Новое греческое правительство, со своей стороны, окутало свою внешнюю политику (при помощи обычной ссылки на угрожающую Греции от Болгарии опасность) полуобещаниями, обусловленными заботой как о неприкосновенности греческой территории, так и о защите «прав эллинизма», сохранив при этом враждебное отношение к русским притязаниям на Константинополь.
Таким образом, мы видим, что Россия сделала все, чтобы не допустить участия братской православной Греции в Дарданелльской операции, и это значительно повлияло как на характер, так и на ход штурма Проливов. Камнем преткновения стал Константинополь, на который, кстати говоря, греки имели больше права, чем любой из участников операции.
Более того, в течение Дарданелльской операции Россия бдительно следила за судьбой островов, расположенных у западного входа в Дарданеллы. Попытка греков объявить об аннексии Имброса и Тенедоса, а также Кастелоризо и Северного Эпира, потерпела неудачу.
После того как выяснились последствия неудачи морского штурма Дарданелл 18 марта, английское правительство вновь вернулось к мысли об участии Греции в операции и осуществило давление на С. Д. Сазонова, чтобы заставить его отказаться от непримиримой позиции, занятой в начале марта.
И русский МИД пошел навстречу пожеланиям союзников. Русская сторона подтвердила возможность территориальных приобретений Греции в районе Смирны, и греческий кабинет министров указал на два альтернативных предварительных условия для отказа Греции от нейтралитета: для этого требовалось либо присоединение Болгарии к Антанте, либо «формальное обязательство» держав, гарантирующее Греции неприкосновенность ее континентальной и островной территории, включая Северный Эпир.
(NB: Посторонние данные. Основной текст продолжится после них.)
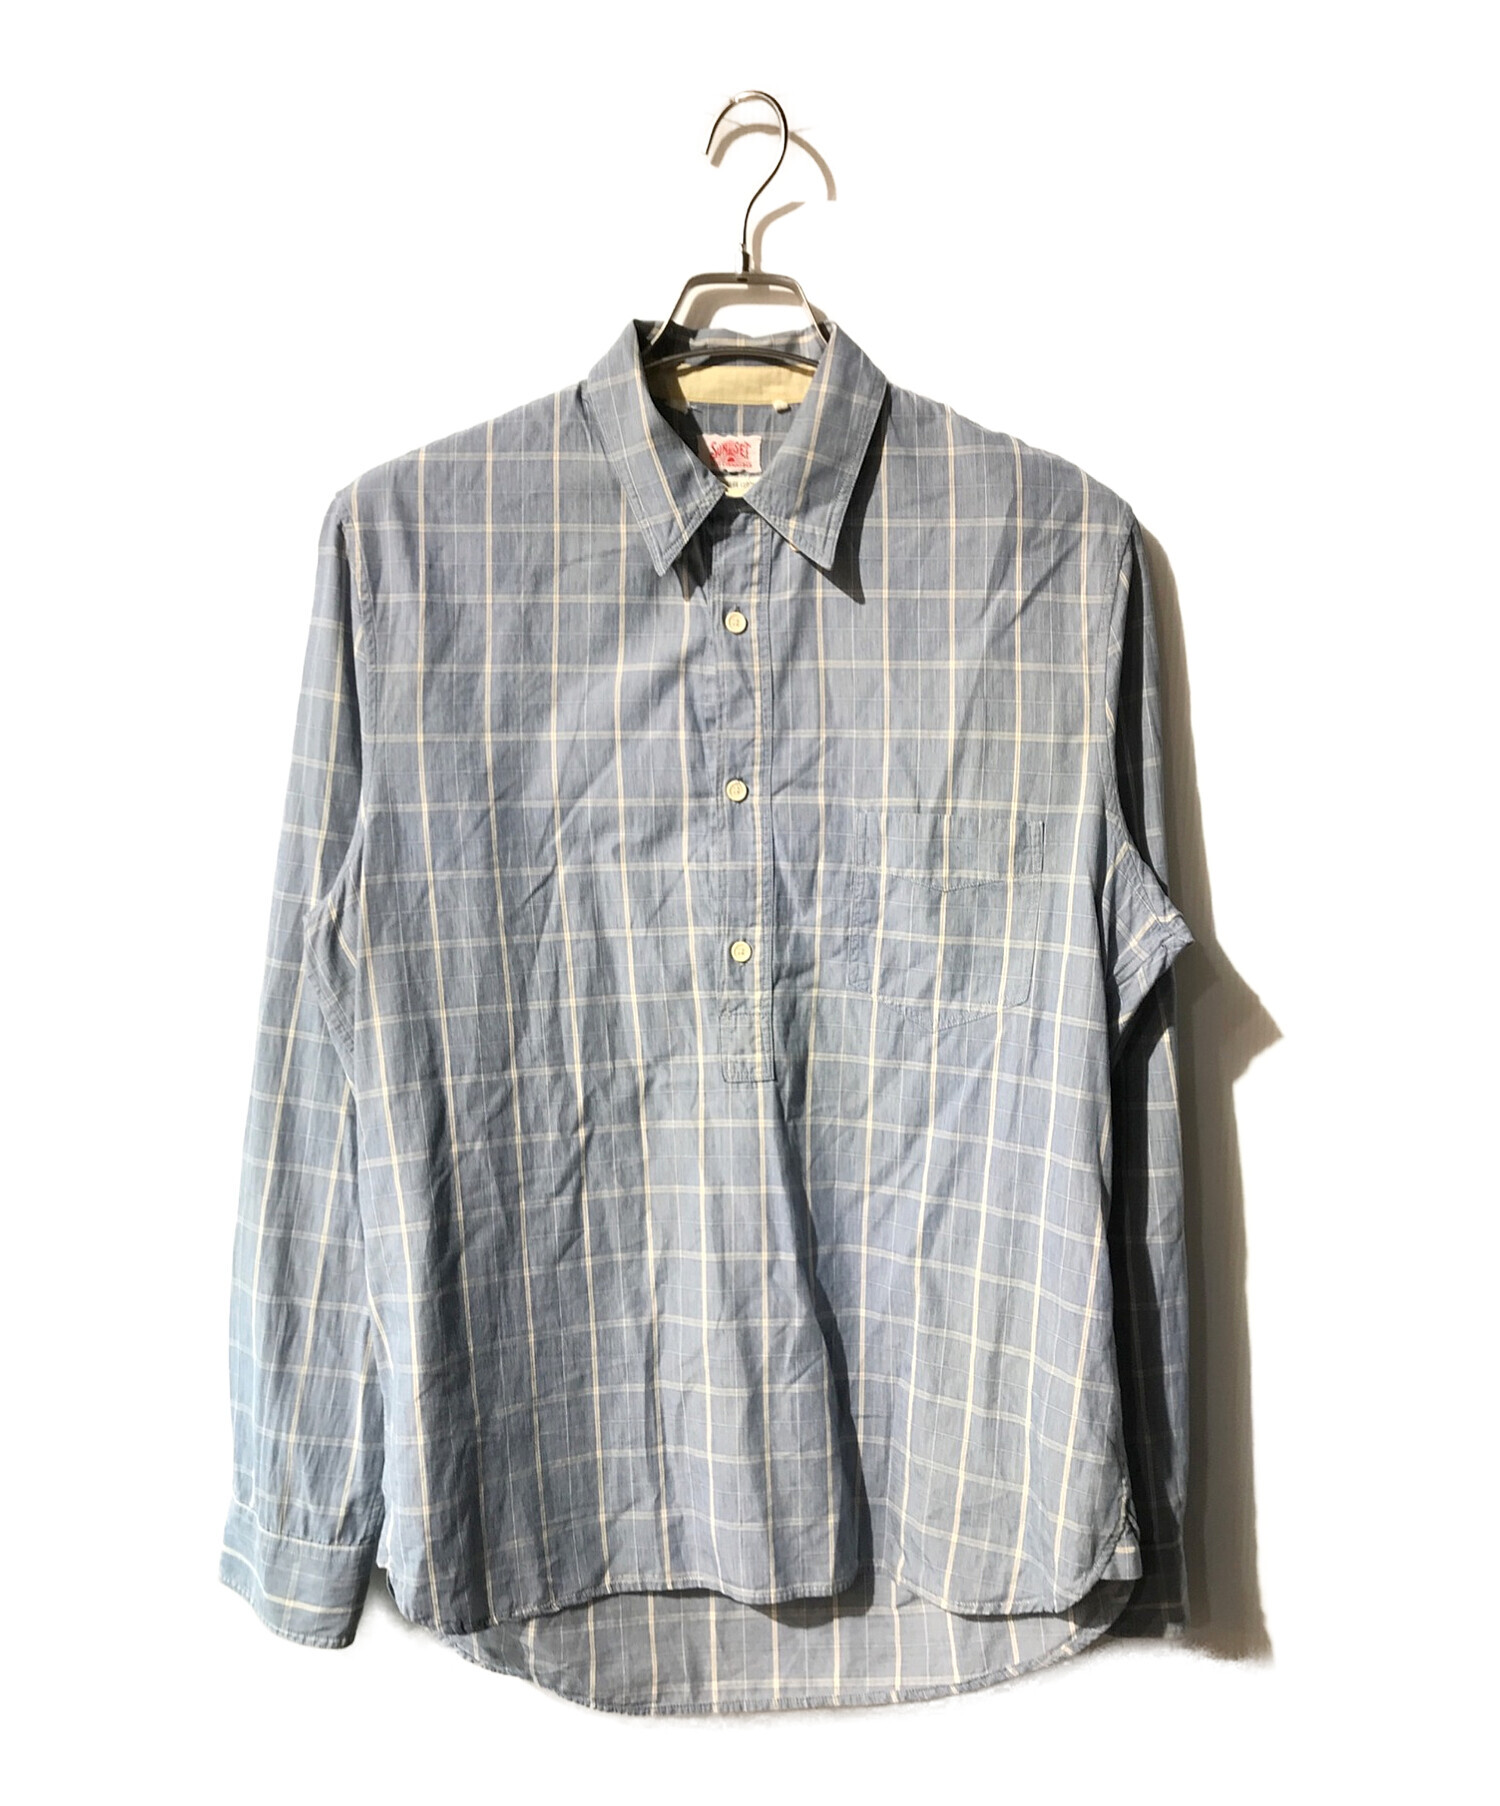 Levi’s vintage clothing LVC チェックシャツ

Тем самым Греция вступала в антигерманскую коалицию, что исключало возможность каких-либо территориальных уступок за счет ее территории Болгарии, если только она сама не была бы инициатором этого. Наряду с Северным Эпиром Греция приобретала и желаемые ею острова.
В дальнейшем в содержание этого акта были включены:
1) территориальные уступки, которые будут сделаны Греции в Малой Азии;
2) территориальные и другие компенсации, которые державы предоставляют Греции для охраны прав и интересов эллинизма;
3) финансовые льготы и льготы в сфере военного снабжения.
За такой договор Греция соглашалась открыть военные действия против Турции, целью которых было уничтожение Турецкой империи, и взаимодействовать с союзными войсками на суше и на море. Было уточнено, что в случае если Болгария будет оставаться нейтральной, сфера действий греческой армии не будет вынесена за пределы европейской Турции.
Вспомнили греки и о Константинополе.
Так, принц Георгий, прибывший из Парижа, заявил, что приложит все усилия, чтобы восторжествовала идея интернационализации Константинополя, и намекнул на желательность вступления греческих войск в турецкую столицу. Этим дело не ограничилось: британский посланник в Греции известил Э. Грея, что в число условий греческого участия в войне входят интернационализация Константинополя, вступление короля во главе греческих войск в Константинополь, а также уступка Кипра.
Очевидно, что в данном случае присутствовал коварный расчет французского правительства, отстаивавшего первостепенное значение боевых действий против Германии и неохотно решившегося принять серьезное участие в Дарданелльской операции — не допустить чрезмерного укрепления Англии на Ближнем Востоке. Демарш с участием принца Георгия был рассчитан на то, чтобы парализовать дальнейшее расширение Дарданелльской операции. Соответственно, под влиянием французов и были предложены нежелательные как для России (интернационализация Константинополя), так и для Англии (уступка Кипра) условия.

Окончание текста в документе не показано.